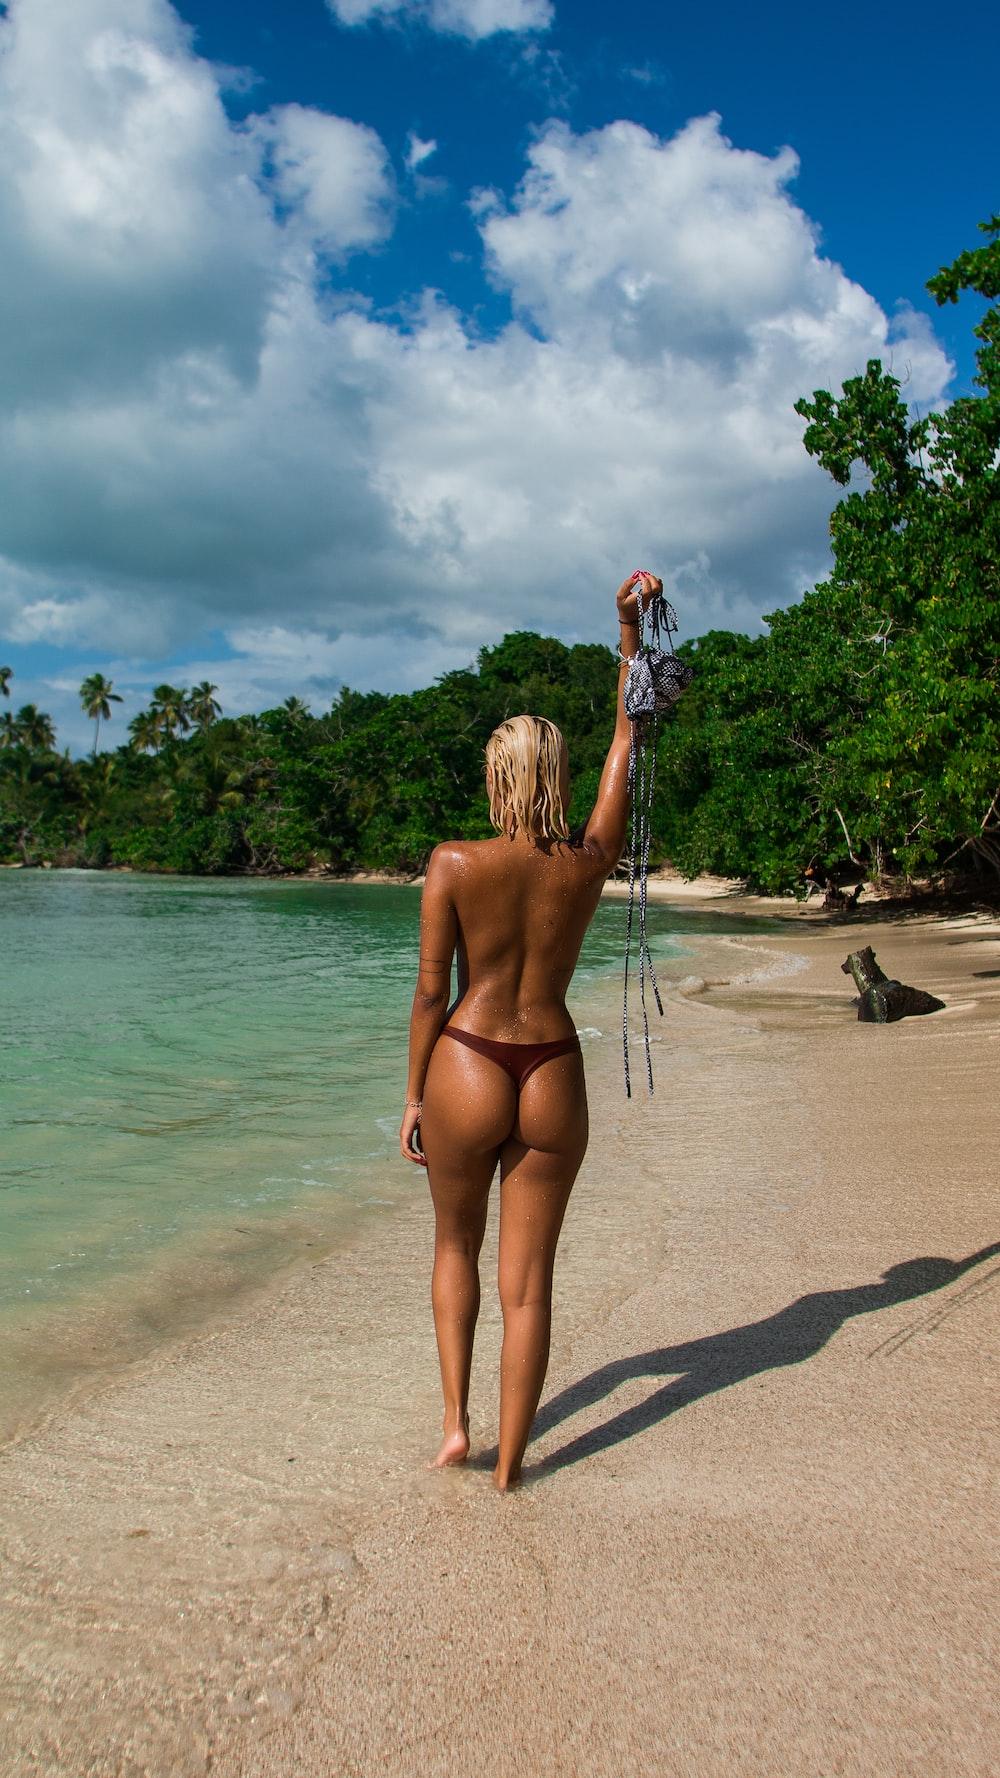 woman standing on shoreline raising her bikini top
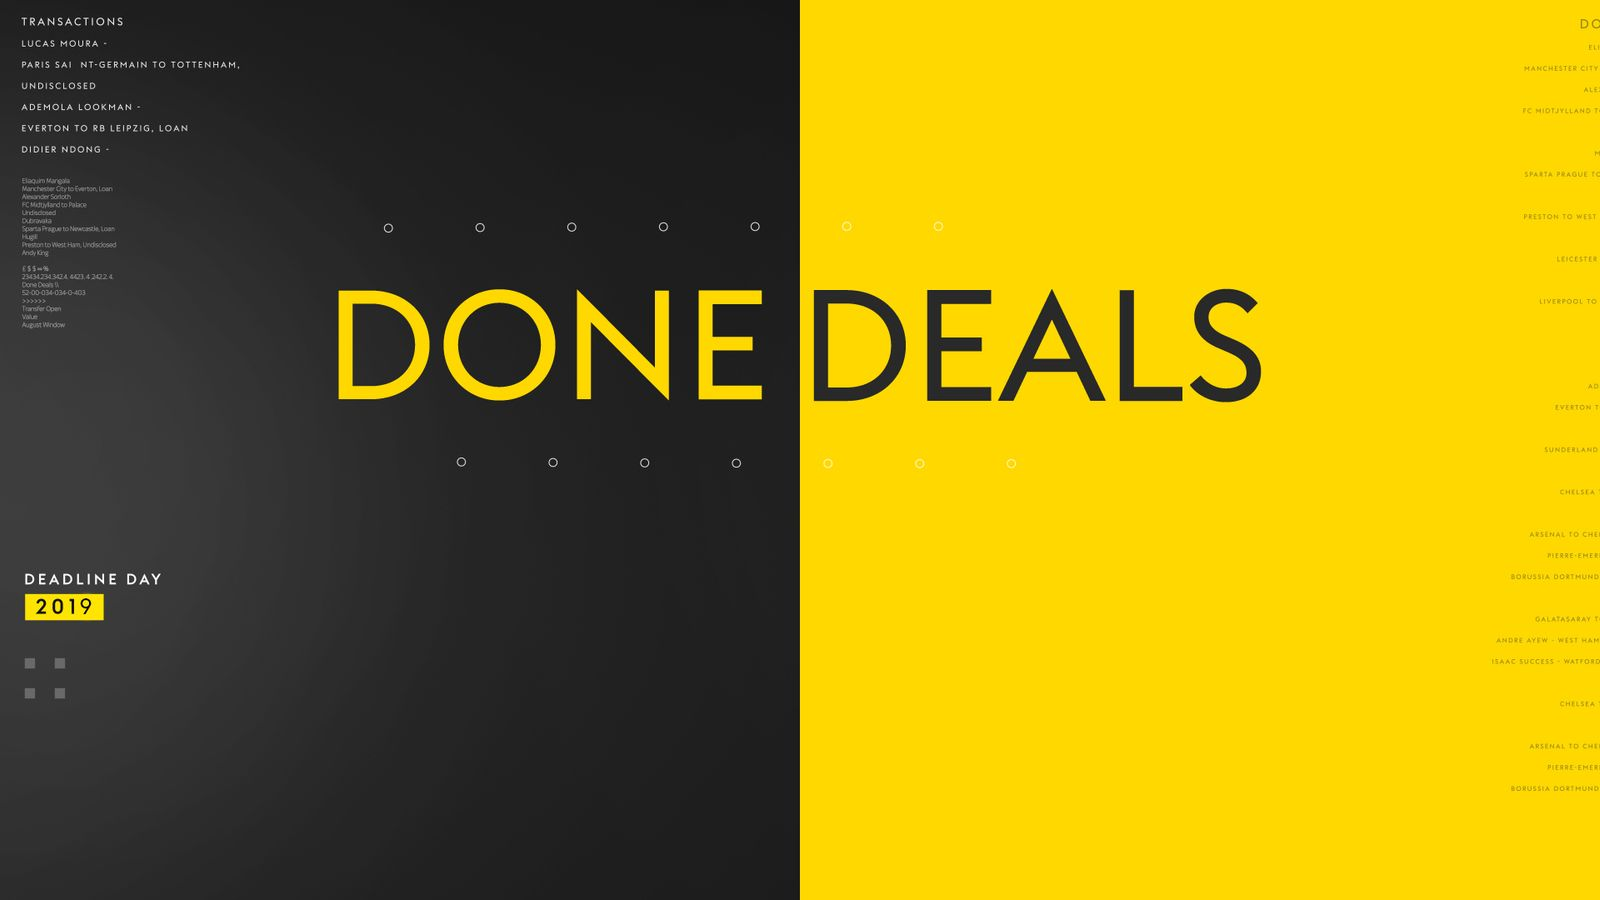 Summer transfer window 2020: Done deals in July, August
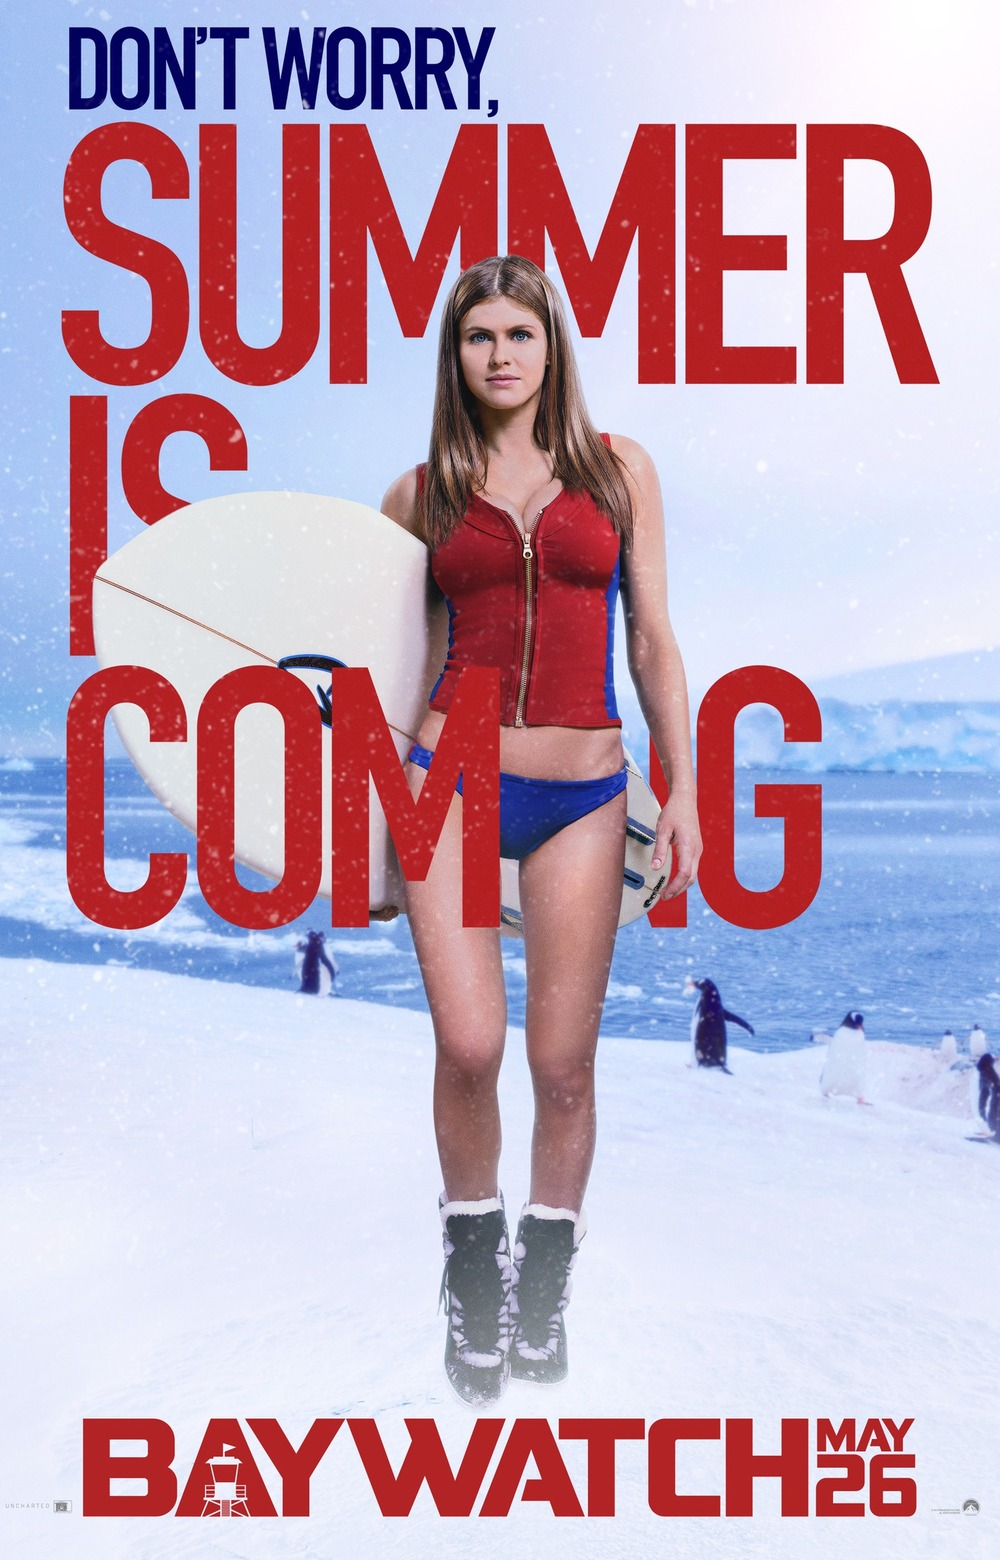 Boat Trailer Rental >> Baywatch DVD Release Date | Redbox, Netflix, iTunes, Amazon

EXERCISE PROMPT
Repeat each line above exactly. The pictures stay out.

SOLUTION FOR THIS EXERCISE
 woman standing on shoreline raising her bikini top
 Summer transfer window 2020: Done deals in July, August
 Boat Trailer Rental >> Baywatch DVD Release Date | Redbox, Netflix, iTunes, Amazon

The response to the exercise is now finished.